Elongation is the stage where the amino acid chain gets longer. In elongation, the mRNA is read one codon at a time, and the amino acid matching each codon is added to a growing protein chain.
Each time a new codon is exposed:
  • A matching tRNA binds to the codon
  • The existing amino acid chain (polypeptide) is linked onto the amino acid of the tRNA via a chemical reaction
  • The mRNA is shifted one codon over in the ribosome, exposing a new codon for reading
    Elongation has three stages: 1) The anticodon of an incoming tRNA pairs with the mRNA codon exposed in the A site. 2) A peptide bond is formed between the new amino acid (in the A site) and the previously-added amino acid (in the P site), transferring the polypeptide from the P site to the A site. 3) The ribosome moves one codon down on the mRNA. The tRNA in the A site (carrying the polypeptide) shifts to the P site. The tRNA in the P site shifts to the E site and exits the ribosome.

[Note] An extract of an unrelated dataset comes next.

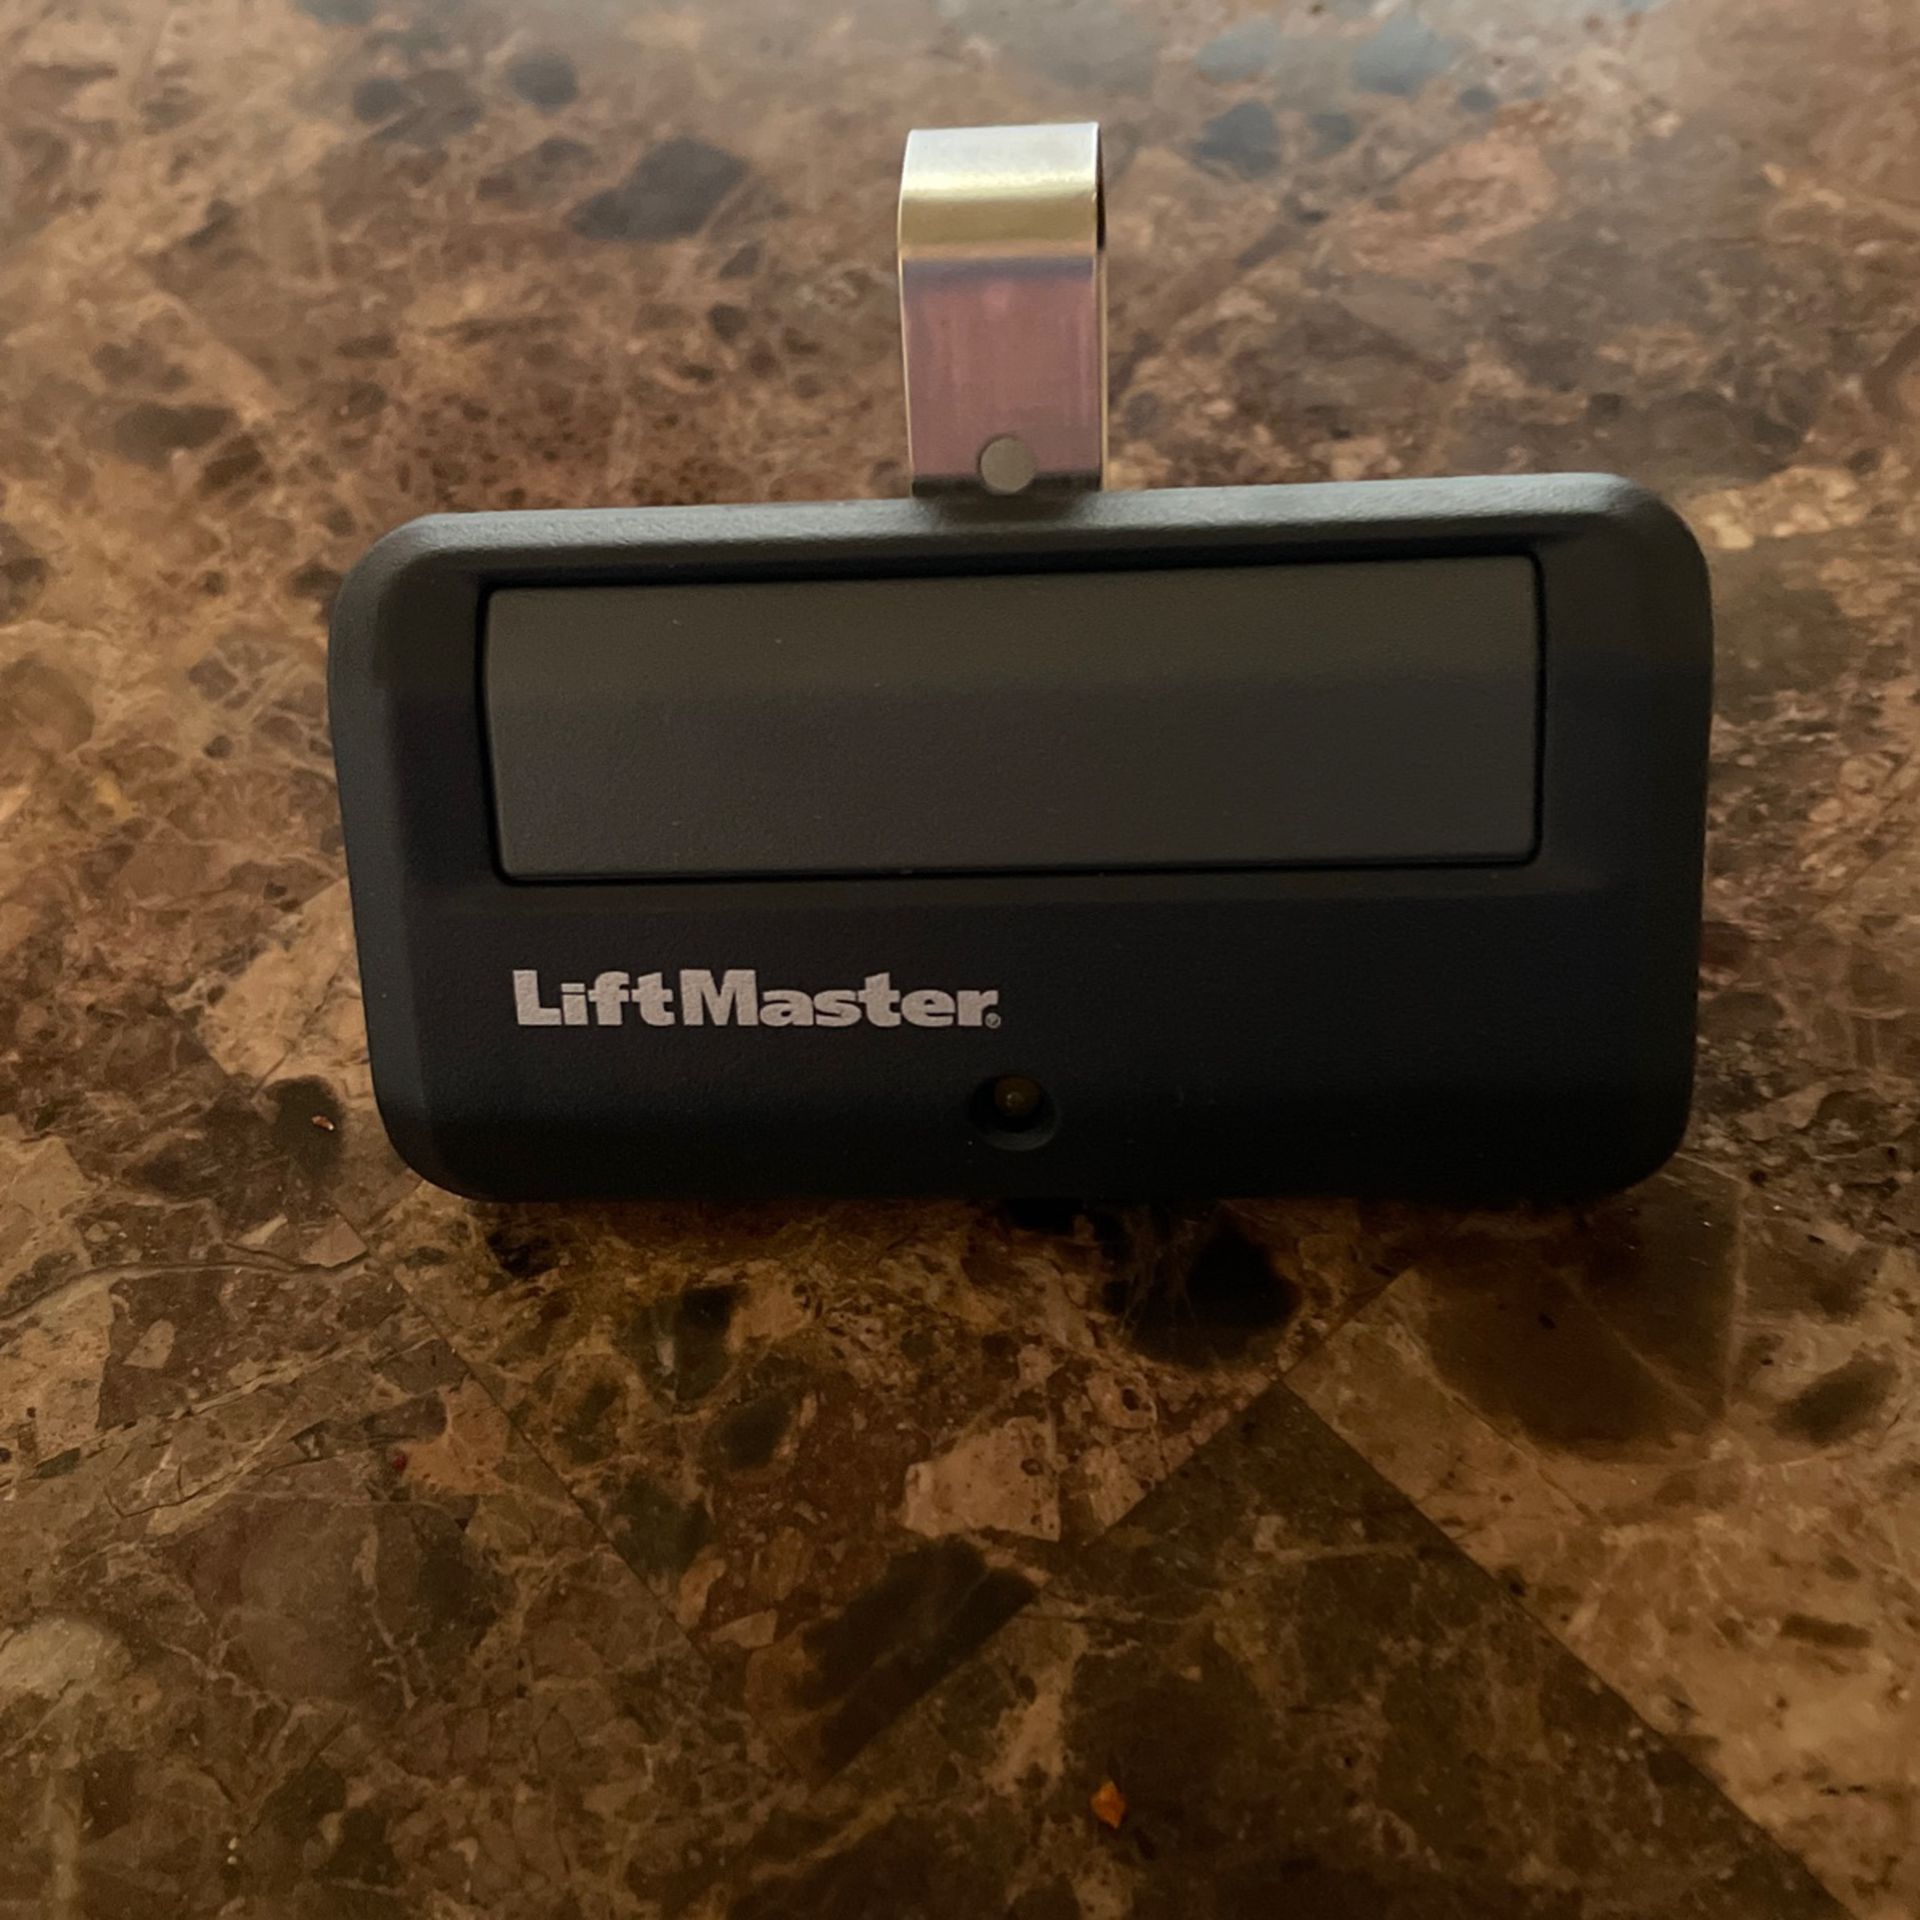 LiftMaster 1-button Garage Door Opener

    Elongation has three stages:
    1) The anticodon of an incoming tRNA pairs with the mRNA codon exposed in the A site.
    2) A peptide bond is formed between the new amino acid (in the A site) and the previously-added amino acid (in the P site), transferring the polypeptide from the P site to the A site.
    3) The ribosome moves one codon down on the mRNA. The tRNA in the A site (carrying the polypeptide) shifts to the P site. The tRNA in the P site shifts to the E site and exits the ribosome.
During elongation, tRNAs move through the A, P, and E sites of the ribosome, as shown above. This process repeats many times as new codons are read and new amino acids are added to the chain.
For more details on the steps of elongation, see the stages of translationarticle.

Finishing up: Termination

Termination is the stage in which the finished polypeptide chain is released. It begins when a stop codon (UAG, UAA, or UGA) enters the ribosome, triggering a series of events that separate the chain from its tRNA and allow it to drift out of the ribosome. After termination, the polypeptide may still need to fold into the right 3D shape, undergo processing (such as the removal of amino acids), get shipped to the right place in the cell, or combine with other polypeptides before it can do its job as a functional protein.